My acquaintance with horror is limited. I blame this on my mother, who would not let me watch anything scary, lest I have nightmares. Perhaps she was correct - I had a vivid imagination as a child. Hearing "Sixteen Tons" by Tennessee Ernie Ford frightened me to tears (I don't know why), and even as an adult, I fight the image of a slimy, cold hand grabbing my shoulder late at night when I'm taking out the trash.

But over the years, I've found some horror enjoyable, like a roller coaster ride that leaves you excited yet spent. You may or may not agree with me - my rules are completely subjective and I understand if horror fans have a different viewpoint. I'm just saying, as a non-horror person, if it meets these criteria, I'll read it (or watch it):

1. The monster is not seen. I love those old B-movies where you saw the shadow, heard a throaty female scream, and knew… just knew what happened. I like the build-up of suspense. Don't give me the monster's POV and don't show me what they look like until- until- EEEEEK.

2. The monster must be beatable. You cannot end it with the monster/killer/Jason/Freddy triumphant, or even just escaping. Screw the sequel. There is a hero. They must prevail. I'm a Teflon-coated, glass half-full, things-can't-be-as-bad-as-they-are, kind of gal. Give me hope for a brighter day.
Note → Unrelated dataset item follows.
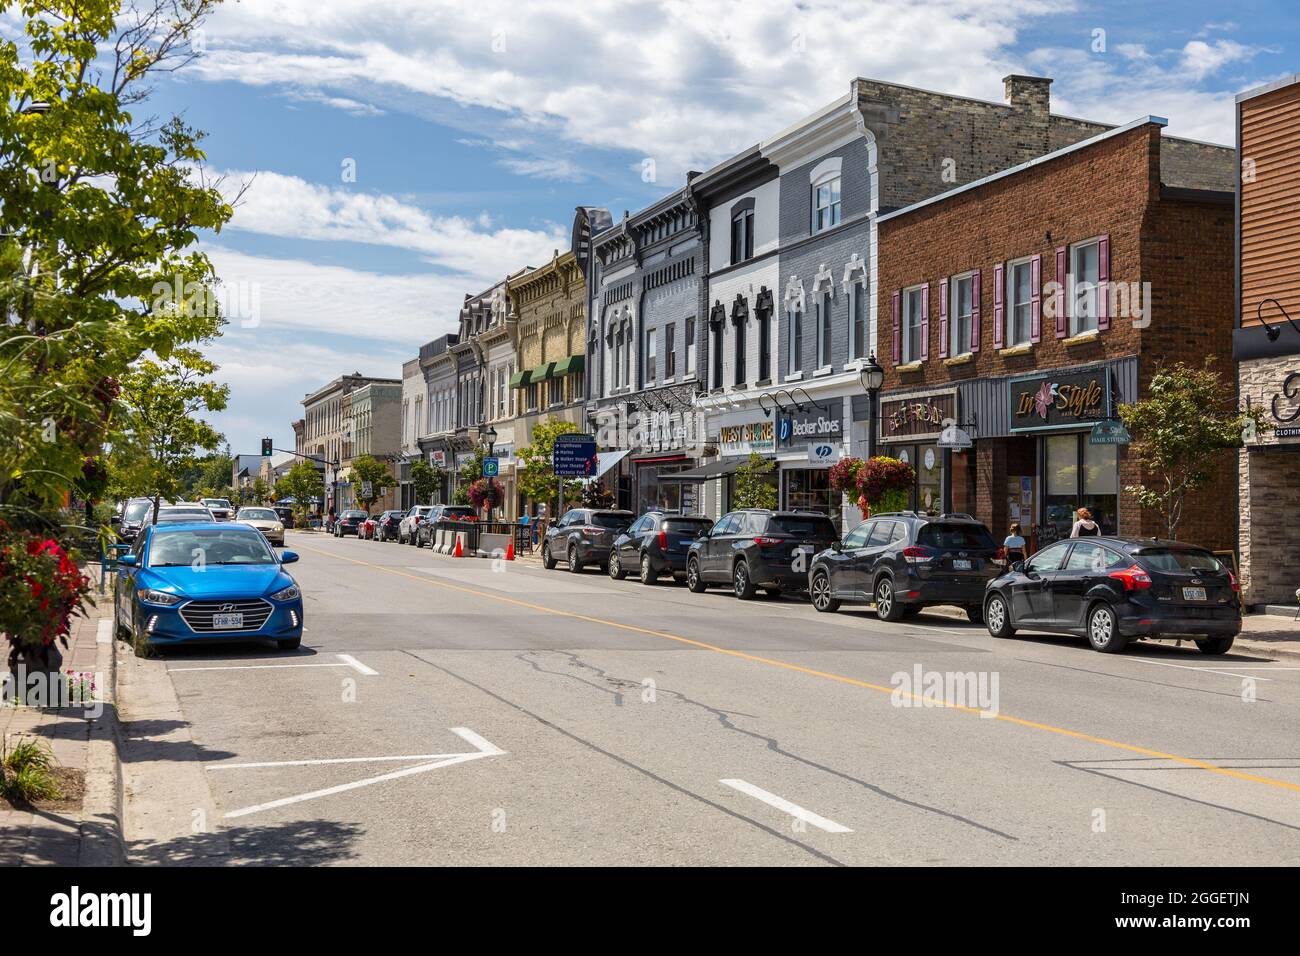 Queen Street In Historic Downtown Kincardine Ontario Canada The Main Shopping Street In The Town Centre. Historic Buildings Shops And Stores On Street Stock Photo

3.  The writing (book or script) must be good. I know that should go without saying, but without a clever plot and smart characters with interesting dialogue, I just can't get into the action. Scaring me isn't enough.
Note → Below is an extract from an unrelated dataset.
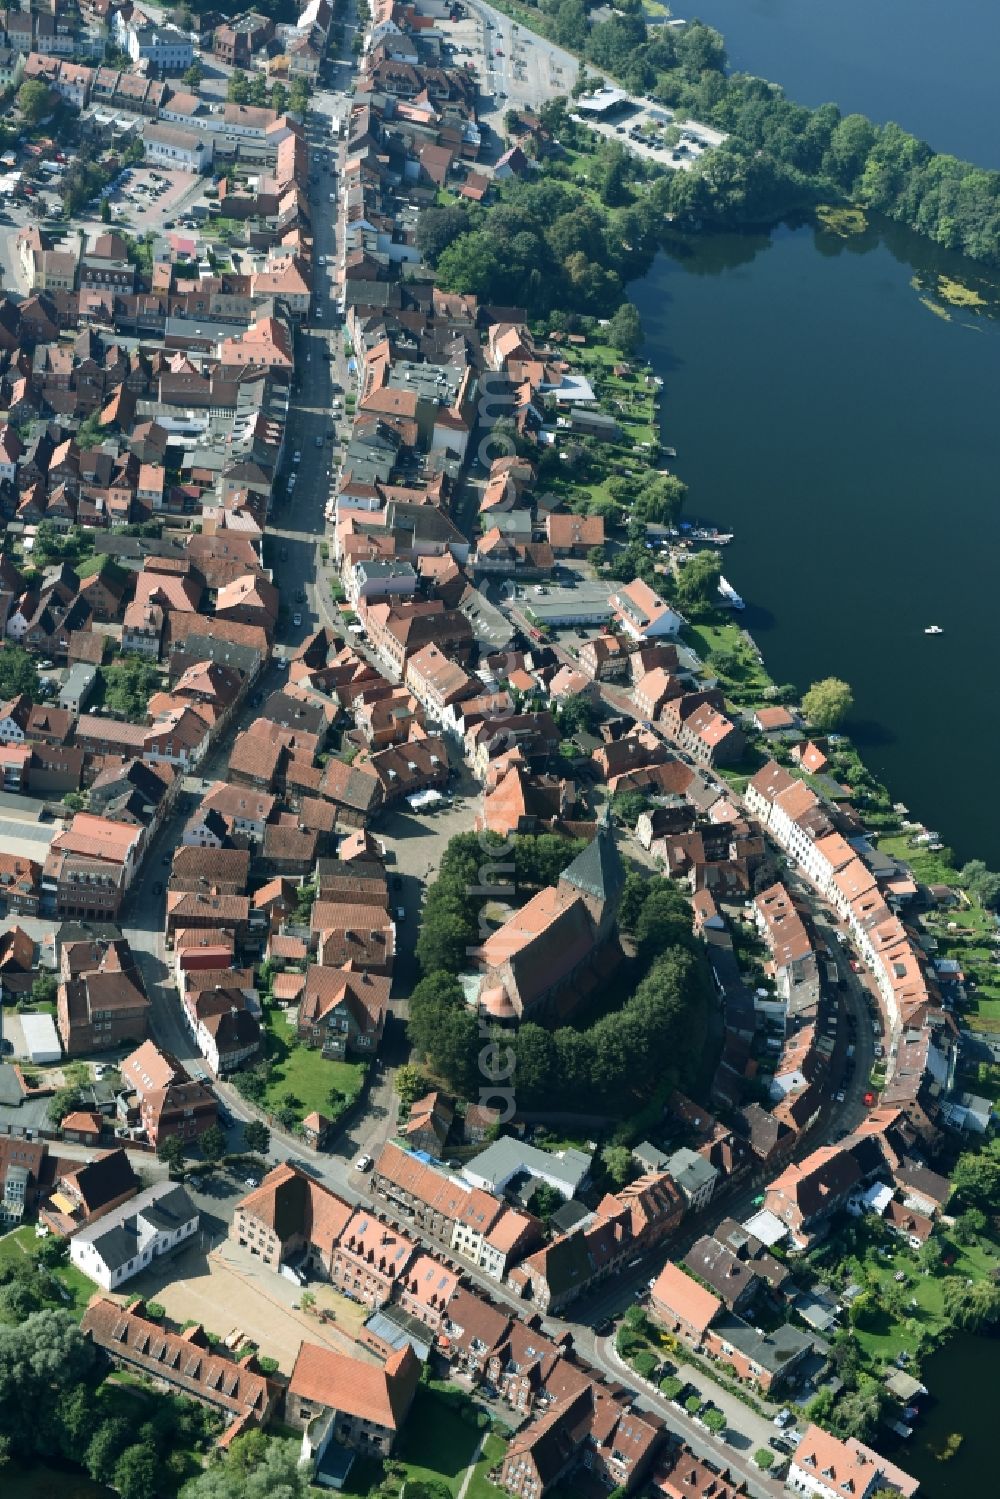 Mölln from the bird's eye view: City view of downtown area in Moelln in the state Schleswig-Holstein

I did write one little horror piece. It was a flash fiction contest, for Halloween, and I won. I called it "Almost." Enjoy.

“This place creeps me out.”

“Stop whining, Harold,” Ken snapped. “We’re almost there.”

Three pairs of feet shuffled through the trees, crackling leaves and churning dust. Suddenly the forest halted and the trio spurted into the open. Standing on the grassy ledge, they were greeted by the pale white moon, staring at its reflection in the lake.

“Is that moon full?” asked Harold. “It looks full to me.”

“It’s not quite full,” Ken said.

“It looks very full to me,” Harold continued. “If it’s full, there could be werewolves out here.”

“It’s not full,” Ken repeated, “and werewolves aren’t real, you moron.”

“They are so real, Ken. My cousin’s dentist’s niece says her neighbor saw one.”

Ken sighed. “Your cousin’s dentist’s whatever is a moron. Tell him, Lydia.”

The auburn-haired girl stood silently, her thoughts engulfed by the giant orb.


Still watching the moon, she answered, “It doesn’t matter if there are werewolves or not, Harold. See how fuzzy the bottom of the moon is? That means it’s not full.”

Harold studied the sky. “You sure? No werewolves tonight?”

“No, Harold,” Lydia said. “No werewolves tonight.”

“Shut up about the werewolves!” hissed Ken. “You are both insane!”

The three friends started down the path to the lake, Lydia bringing up the rear. She strolled slowly, watching the boys and rubbing her ears.

“No, no werewolves tonight,” she whispered to herself.

Fingering the tufts of hair that had sprouted, Lydia smiled. “But maybe tomorrow.”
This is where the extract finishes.